UNITED STEELWORKERS OF AMERICA, LOCAL 4776, International
Association of Machinists and Aerospace Workers, Lodge No.
1357, International Brotherhood of Electrical Workers, Local
523, United Association of Journeymen and Apprentices of the
Plumbing and Pipefitting Industry, Local 741, International
Union of Operating Engineers, Local 428, United
Transportation Union, Local 807, Ronald Rhoads, William
Hunter, William Puffer, et al., Plaintiffs-Appellants,
v.
PHELPS DODGE CORPORATION, et al., Defendants-Appellees.

No. 90-16298.

United States Court of Appeals, Ninth Circuit.

Submitted Aug. 12, 1991.*
Decided Sept. 11, 1991.

Before JAMES R. BROWNING, FARRIS and LEAVY, Circuit Judges.

MEMORANDUM**

United Steelworkers appeals, for a second time, the district court's award of 42 U.S.C. § 1988 attorneys' fees for their successful civil rights action. In United Steelworkers v. Phelps Dodge, 896 F.2d 403 (9th Cir.1990), we reversed and remanded the district court's original award because the manner in which the award was determined had not been specified adequately. On remand, the district ordered Pima County to pay United Steelworkers $137,883.50 for attorneys' fees and $8,230.98 for out-of-pocket expenses.
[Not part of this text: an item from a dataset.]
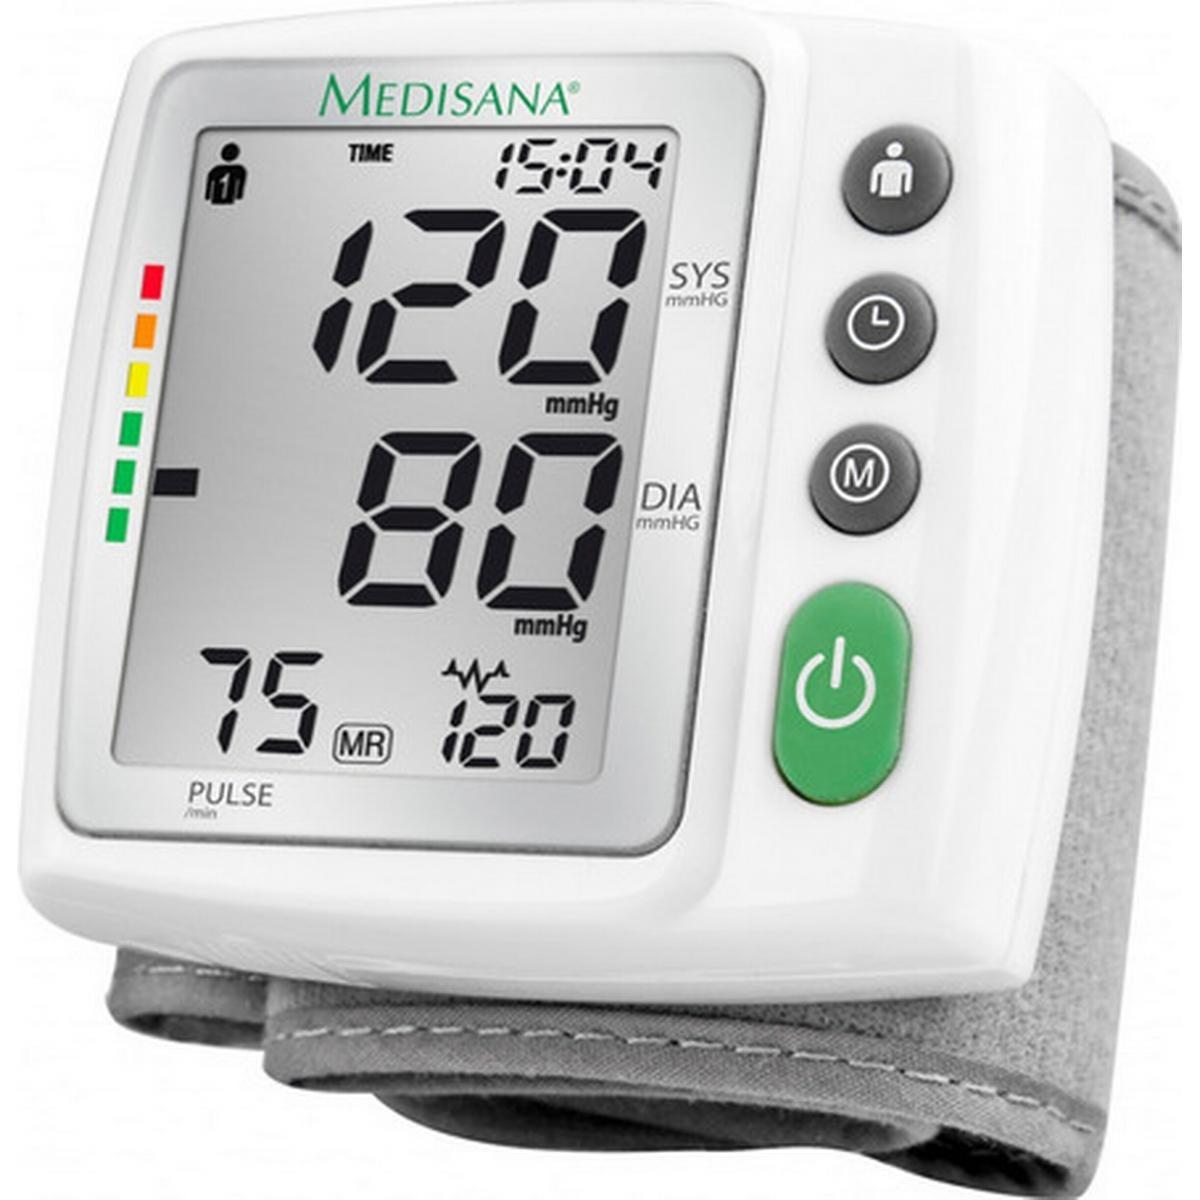 MEDISANA Blodtryksmåler til håndled BW 315

We reverse the judgment and enter the proper award.

The district court's determination of the amount of attorneys' fees awarded pursuant to section 1988 is reviewed for an abuse of discretion. Jordan v. Multnomah County, 815 F.2d 1258, 1261 (9th Cir.1987).
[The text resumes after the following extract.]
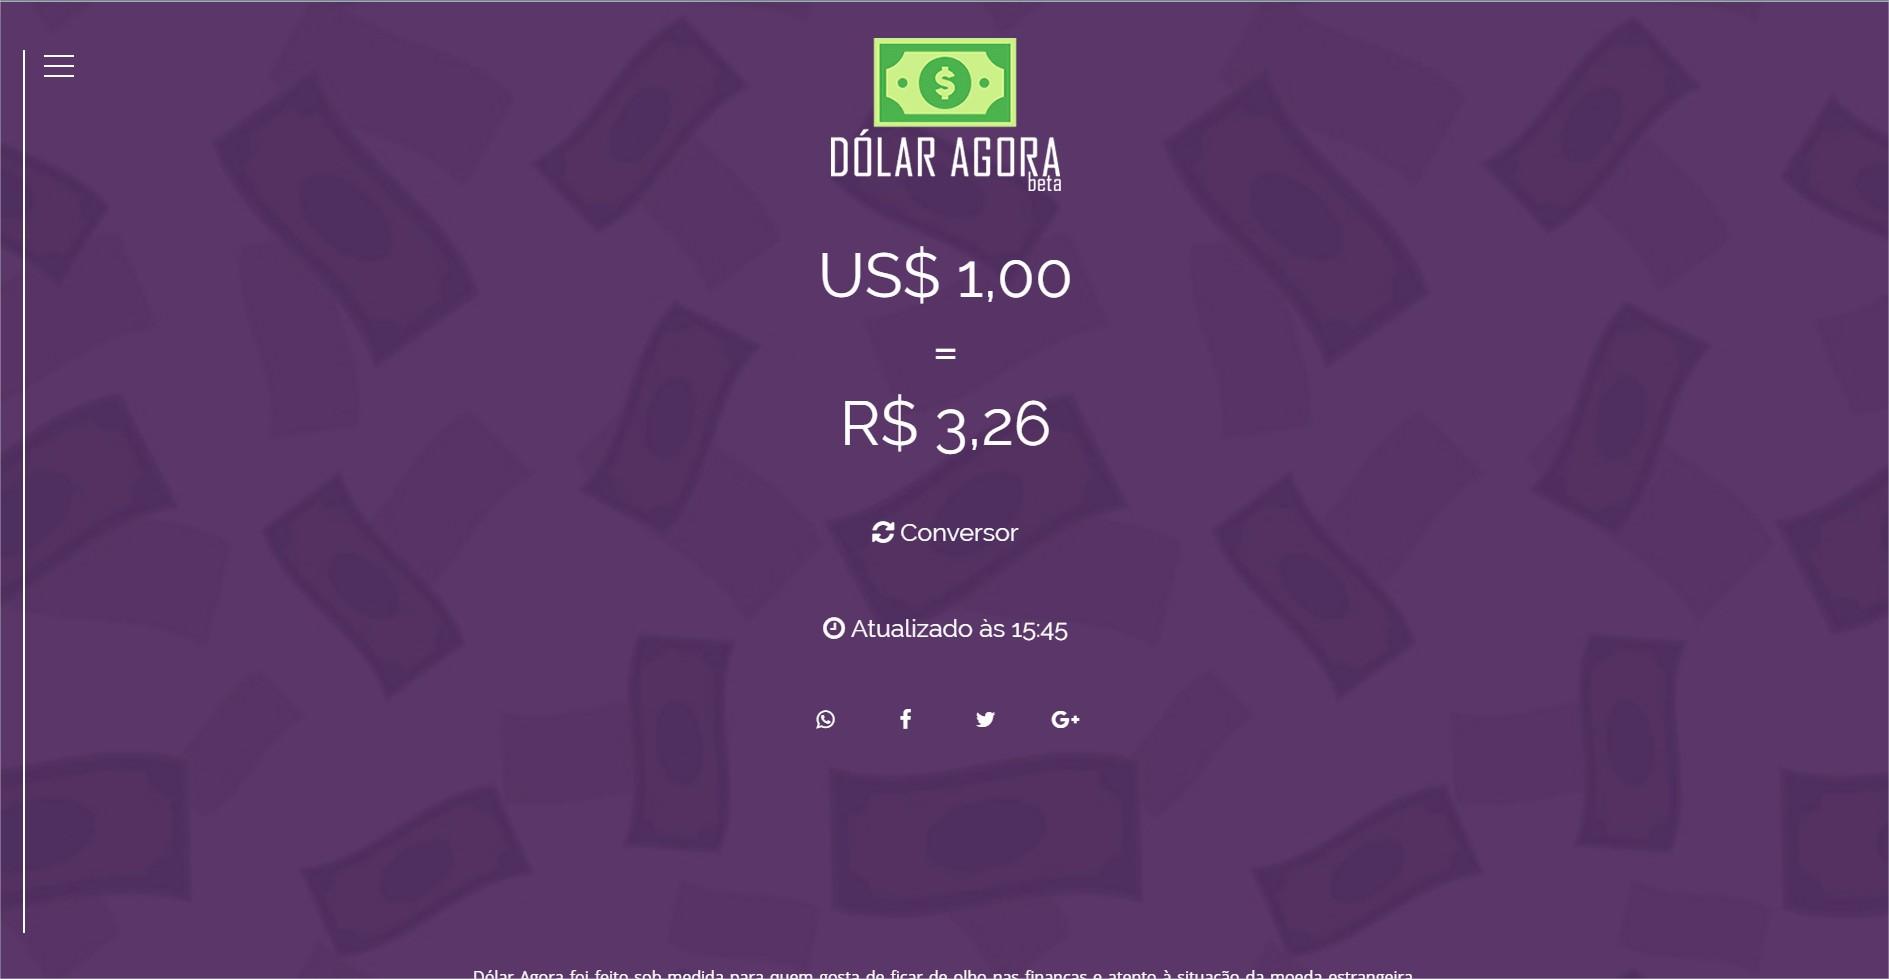 Dólar Agora - Cotação - Imagem 1 do software

The Civil Rights Attorney's Fees Awards Act of 1976, 42 U.S.C. § 1988, is designed "to ensure 'effective access to the judicial process' for persons with civil rights grievances." Hensley v. Eckerhart, 461 U.S. 424, 429 (1983) (quoting H.R.Rep. No. 94-1558, p. 1 (1976)). It provides that a prevailing plaintiff may recoup a "reasonable attorney's fee" incurred to vindicate a civil rights violation.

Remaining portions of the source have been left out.